🤖 AI Summary
Existing self-supervised motion planning methods in complex environments suffer from suboptimal paths and poor generalization due to neglecting the physical constraints imposed by the Eikonal equation.
Method: This paper proposes a physics-informed self-supervised learning framework that uniquely integrates the localized Bellman optimality principle, temporal-difference learning, contrastive metric learning, and a neural Eikonal solver—explicitly enforcing both value-function optimality and geometric consistency with geodesic distance.

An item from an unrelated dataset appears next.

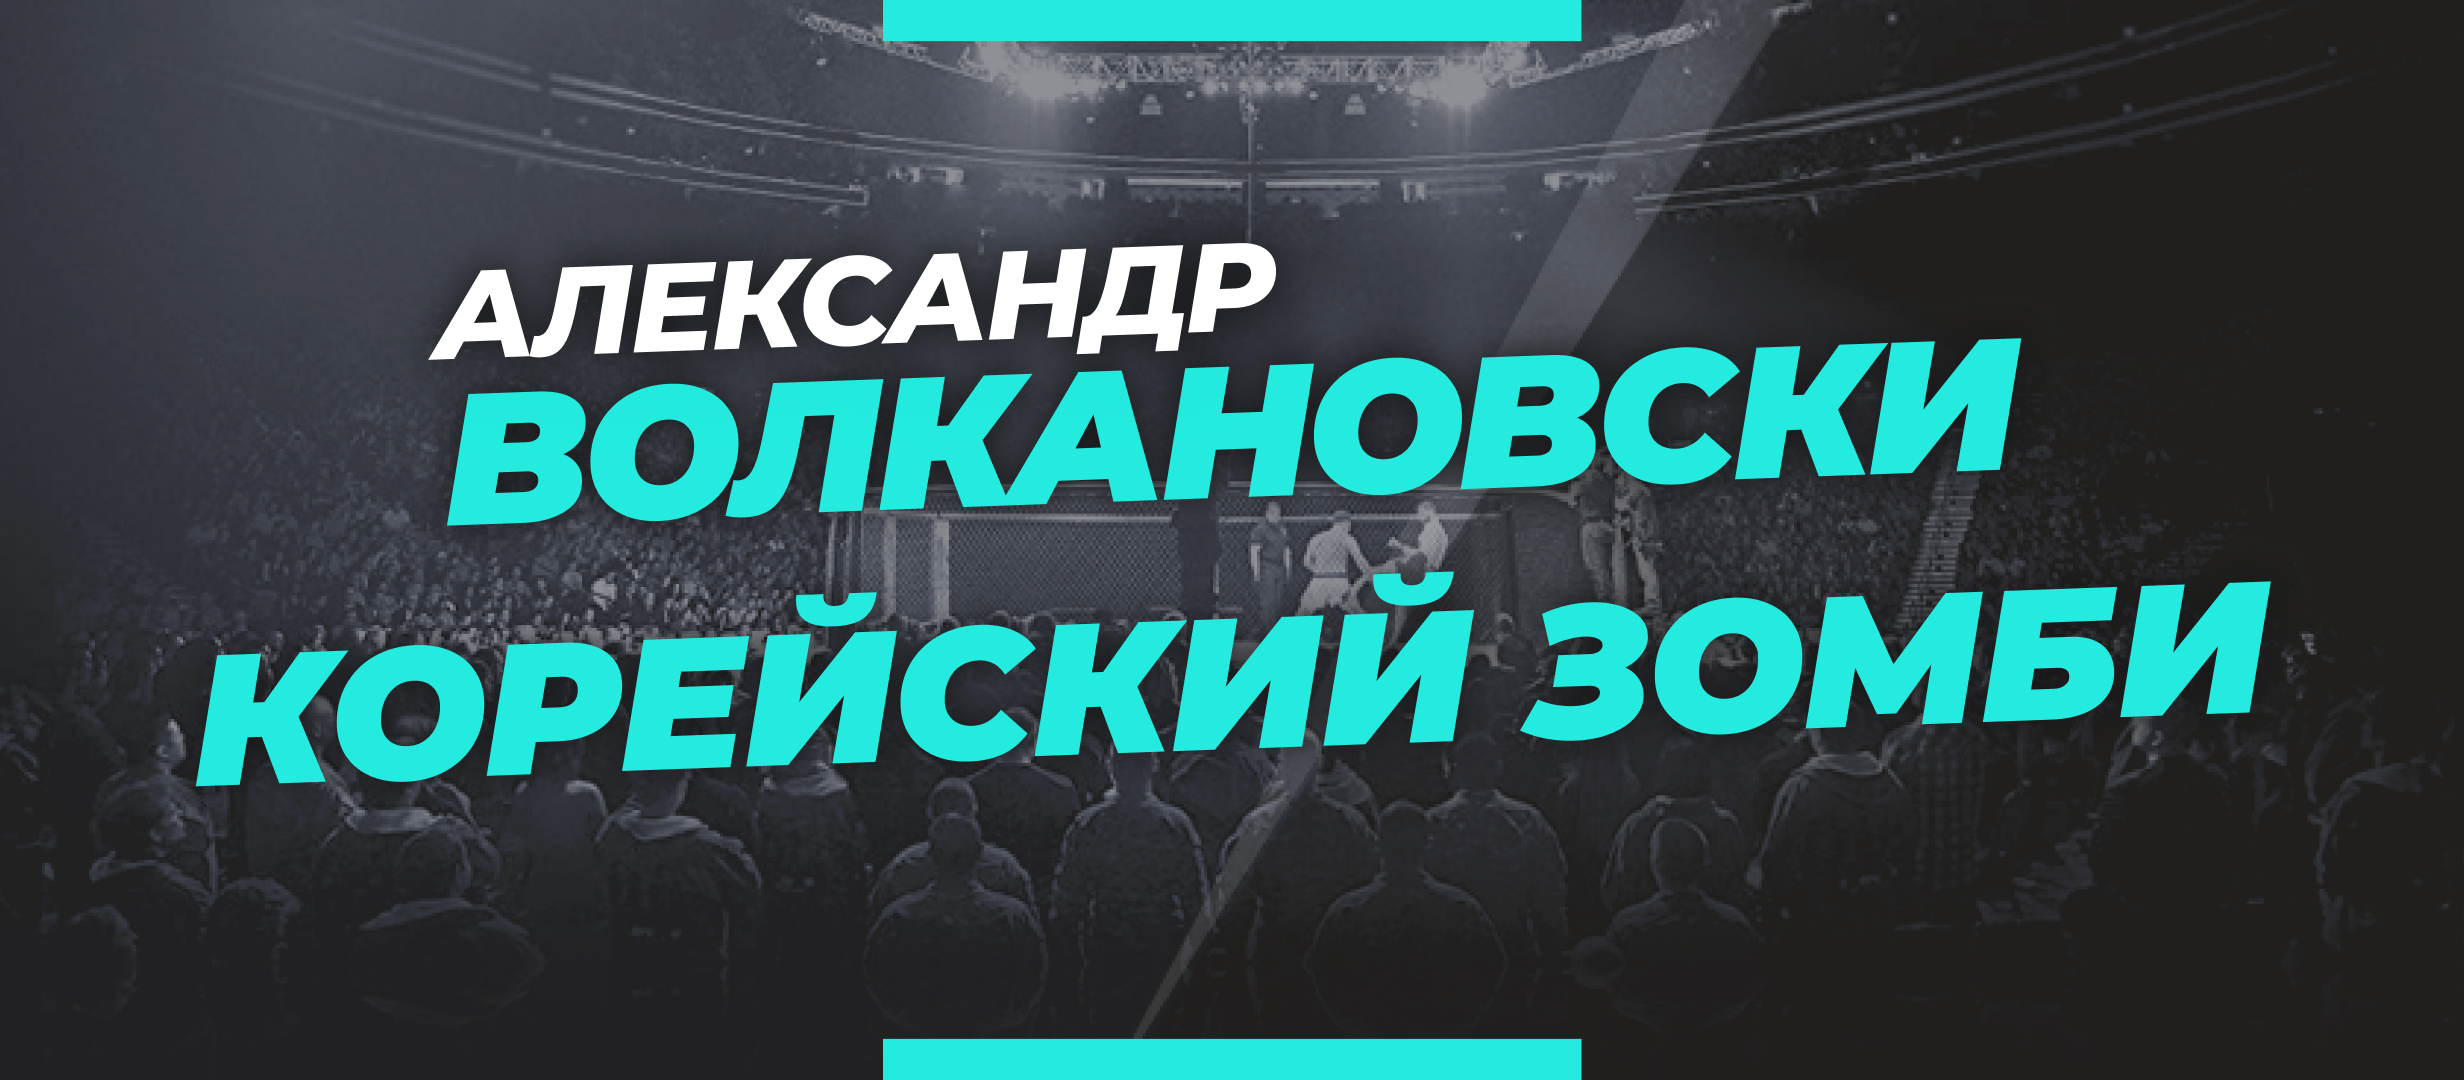 Волкановски — Корейский Зомби: прогноз и коэффициенты на бой UFC 273

Contribution/Results: The method requires no expert demonstrations and supports robots with 2–12 degrees of freedom, enabling collision-free path planning across diverse unknown complex environments. Experiments demonstrate a 32% improvement in path optimality and a 47% increase in cross-environment generalization success rate over state-of-the-art self-supervised approaches, significantly overcoming generalization bottlenecks in high-dimensional and previously unseen scenarios.
📝 Abstract
The motion planning problem involves finding a collision-free path from a robot's starting to its target configuration. Recently, self-supervised learning methods have emerged to tackle motion planning problems without requiring expensive expert demonstrations. They solve the Eikonal equation for training neural networks and lead to efficient solutions. However, these methods struggle in complex environments because they fail to maintain key properties of the Eikonal equation, such as optimal value functions and geodesic distances. To overcome these limitations, we propose a novel self-supervised temporal difference metric learning approach that solves the Eikonal equation more accurately and enhances performance in solving complex and unseen planning tasks. Our method enforces Bellman's principle of optimality over finite regions, using temporal difference learning to avoid spurious local minima while incorporating metric learning to preserve the Eikonal equation's essential geodesic properties. We demonstrate that our approach significantly outperforms existing self-supervised learning methods in handling complex environments and generalizing to unseen environments, with robot configurations ranging from 2 to 12 degrees of freedom (DOF).